Shilpa Nadimpalli Kobren will present
her FPO on Thursday, May 31, 2018 at 10:00am in CS402. All are
welcomed to attend.
Committee members: Mona Singh
(adviser), Barbara Engelhardt
(examiner), Stanislav Shvartsman (examiner), Olga Troyanskaya
(reader), and Benjamin J. Raphael (reader)
Title: Detecting and Analyzing
Variation in Protein Interactions
Abstract:
Proteins carry out a dazzling multitude of functions by
interacting with DNA, RNA, other proteins and various other
molecules within our cells. Together these interactions comprise
complex networks that differ naturally across cells within an
organism, across individuals in a population,
and across species. Although such variation is critical for
normal organismal functioning, mutations affecting protein
interactions are also known to underlie a wide
range of human diseases. In this dissertation, I introduce novel
computational approaches that explore the extent to which
specific protein interactions vary across species, across
healthy individuals, and across individuals with cancer.
To start, I focus on interaction
variation across species. It is well established that changes in
protein-DNA interactions underlie a wide
range of observable differences across species. These
differences are primarily thought to stem from changes in the
DNA sites that transcription factor (TF) proteins bind to,
although changes in the binding properties of TFs themselves
have also been observed. Determining the prevalence of such TF
changes, however, remains infeasible using current experimental
approaches.

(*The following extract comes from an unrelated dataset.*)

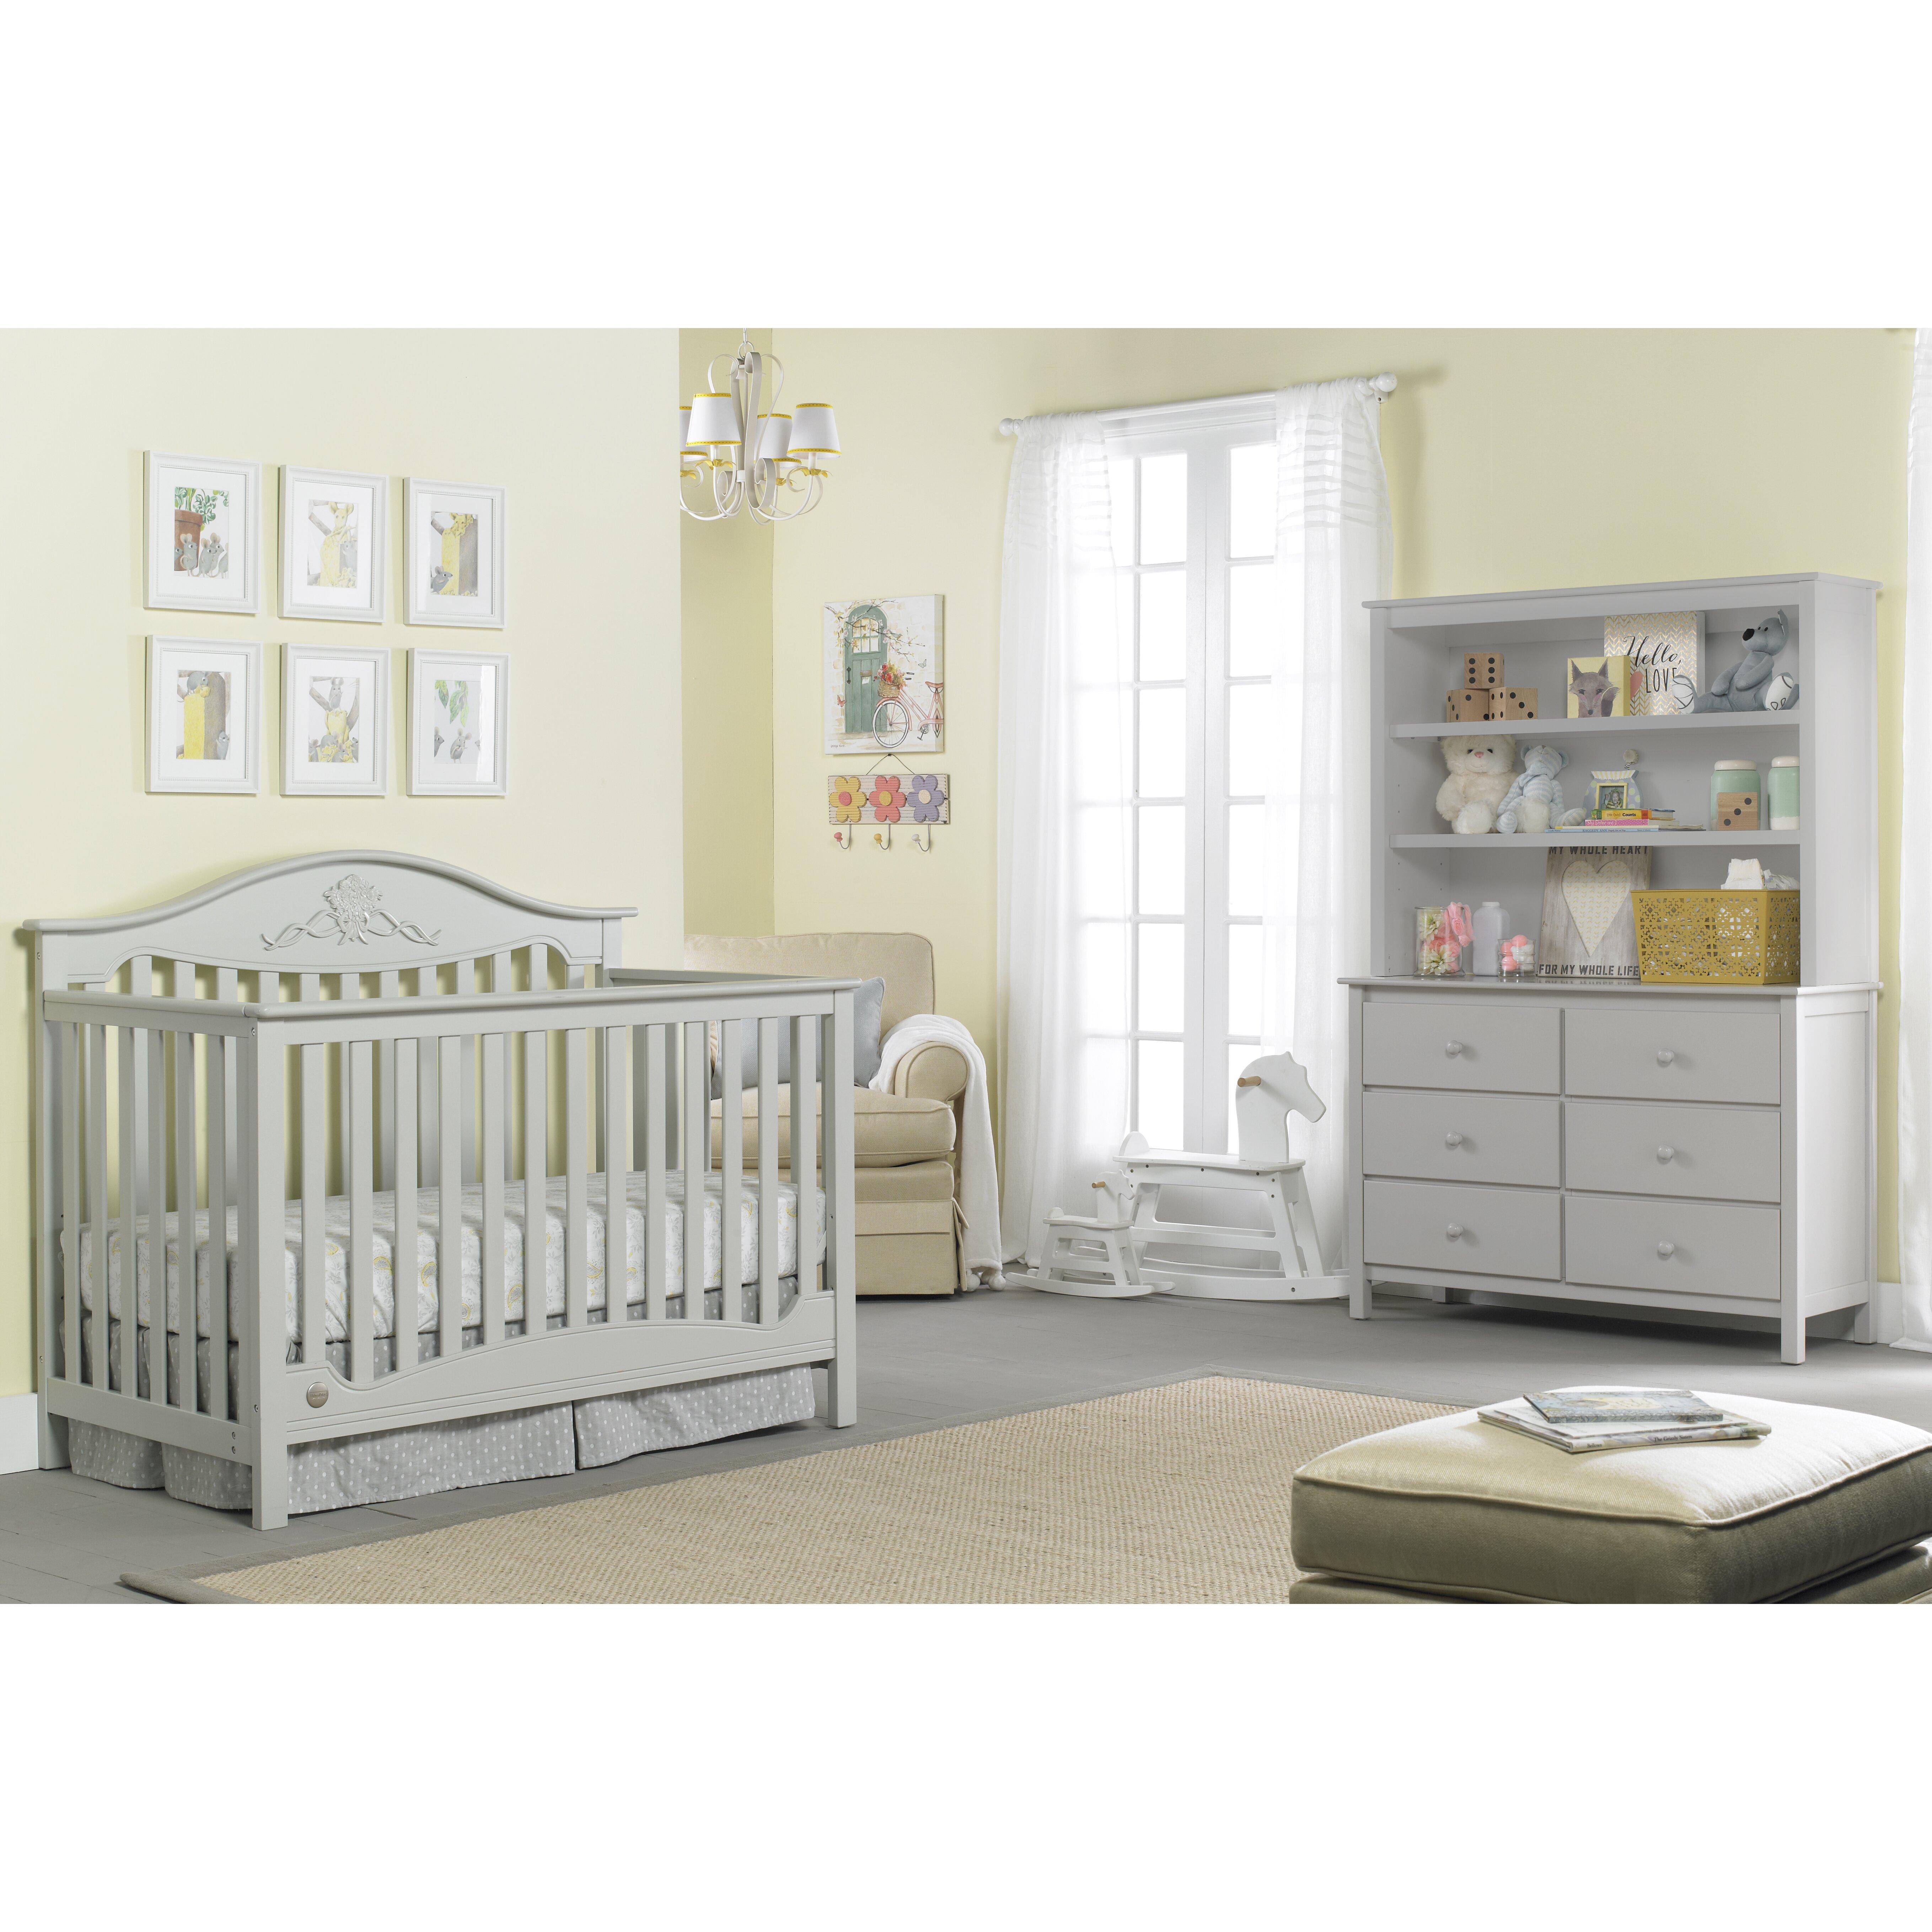 Fisher-Price Mia 4-in-1 Convertible Crib & Reviews | Wayfair

Here, I develop and apply a comparative
genomics framework to systematically quantify changes in the
DNA-binding properties of orthologous TFs across species
spanning ~45 million years of evolutionary divergence. I
demonstrate that, contrary to expectation, cross-species
regulatory network divergence resulting from changes in
non-duplicated DNA-binding proteins is pervasive. These findings
reveal a widespread yet largely
unstudied source of divergence across transcriptional regulatory
programs in animals.
Next, I turn my attention to
interaction variation across individuals. In order to
comprehensively quantify this, I first combine large-scale
sequence, domain and structure information to pinpoint sites
within protein domains---the fundamental structural units in
proteins---that are involved in binding DNA, RNA, peptides,
ions, metabolites, or other small molecules. This domain-based
approach enables us to identify putative interaction sites in
over 60% of human genes, representing a 2.4-fold
improvement over comparable state-of-the-art approaches for this
task. I next demonstrate that whereas domain-inferred
interaction sites are significantly depleted of natural variants
across ~60,000 healthy individuals, these same sites are
significantly enriched for cancer mutations across ~11,000 tumor
samples. My analysis demonstrates that the cellular network
variation that occurs across healthy individuals is unlikely to
be due to changes within proteins; in contrast, mutations
acquired in cancers appear to preferentially alter cellular
networks by perturbing the proteins themselves.
Finally, I show how we can leverage an
interaction-based viewpoint to uncover mutated genes that play
causal roles in human cancers. In particular, I aim to uncover
genes whose interaction interfaces are significantly altered in
tumors. Towards this end, I develop a robust
computational framework that integrates my per-domain-position
binding propensities with additional sources of biological data
regarding protein functionality. I demonstrate that by
analytically computing the significance of patterns of
mutations, my approach is able to achieve a dramatic
improvement in runtime over atypical
empirical permutation test for this task. Moreover, my
interaction-based method not only recapitulates known cancer
driver genes faster and with greater precision than previous
methods, but it also uncovers relatively rarely-mutated genes
with likely roles in cancer. Through focusing on the somatic
alteration of protein interaction interfaces in tumors, my
method can inform the perturbed molecular mechanisms across
known and putative cancer genes, thereby enabling valuable
insights that may help guide personalized cancer treatments.